Improvement of the electromechanical performance of carboxymethylcellulose-based actuators by graphene nanoplatelet loading

• Published in: Cellulose (London) Vol. 22; no. 5; pp. 3251 - 3260
• Main Authors: Ozdemir, Okan, Karakuzu, Ramazan, Sarikanat, Mehmet, Seki, Yoldas, Akar, Emine, Cetin, Levent, Yilmaz, Ozgun Cem, Sever, Kutlay, Sen, Ibrahim, Gurses, Baris Oguz
• Format: Journal Article
• Language: English
• Published: Dordrecht Springer Netherlands 01.10.2015; Springer Nature B.V
• Subjects: Actuators; Bioorganic Chemistry; Ceramics; Chemistry; Chemistry and Materials Science; Composites; Excitation; Fourier transforms; Glass; Graphene; Infrared analysis; Mechanical properties; Modulus of elasticity; Natural Materials; Organic Chemistry; Original Paper; Physical Chemistry; Polymer Sciences; Scanning electron microscopy; Sustainable Development; Tensile tests; Thermogravimetric analysis; Ultimate tensile strength; Mechanical properties; Carboxymethylcellulose; Graphene; Smart materials; Electromechanical properties
• ISSN: 0969-0239; 1572-882X
• DOI: 10.1007/s10570-015-0702-3

In this article, the effects of graphene loading (0.1, 0.2, 0.3 wt%) on both the electromechanical and mechanical properties of carboxymethylcellulose (CMC)-based actuators were investigated.

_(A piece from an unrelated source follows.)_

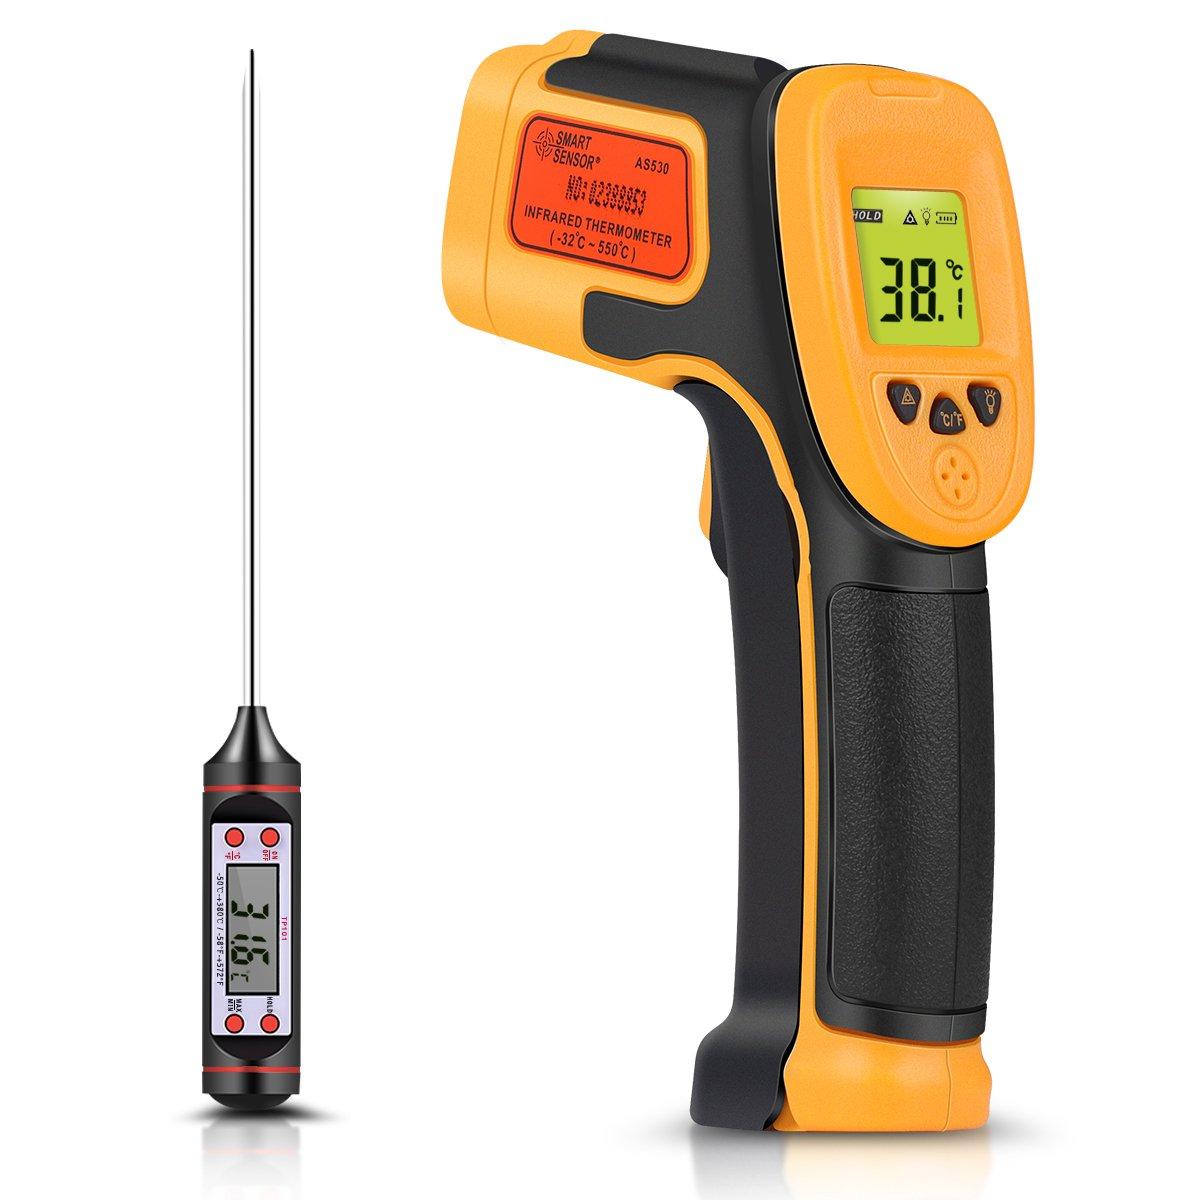 Termómetro Infrarrojo, Termómetro Láser Digital Pistola de Temperatura -26 ° F ~ 1022 ° F (-32 ° C ~ 550 ° C) Sonda de Temperatura para Cocinar / Aire / Refrigerador - Termómetro Carne Incluido

CMC-based graphene-loaded actuators were prepared by using 1-butyl-3-methylimidazolium bromide. The synthesized graphene-loaded actuators were characterized by Fourier transform infrared, X-ray diffraction analysis, thermogravimetric analysis, scanning electron microscopy, and tensile tests. Electromechanical properties of the actuators were obtained under DC excitation voltages of 1, 3, 5, and 7 V with a laser displacement sensor. According to the obtained results, the ultimate tensile strength of CMC-based actuators containing 0.3 wt% graphene was higher than that of unloaded actuators by approximately 72.8 %. In addition, the Young’s modulus value of the graphene-loaded actuators increased continuously with increasing graphene content. Under a DC excitation voltage of 5 V, the maximum tip displacement of 0.2 wt% graphene-loaded actuators increased by about 15 % compared to unloaded actuators.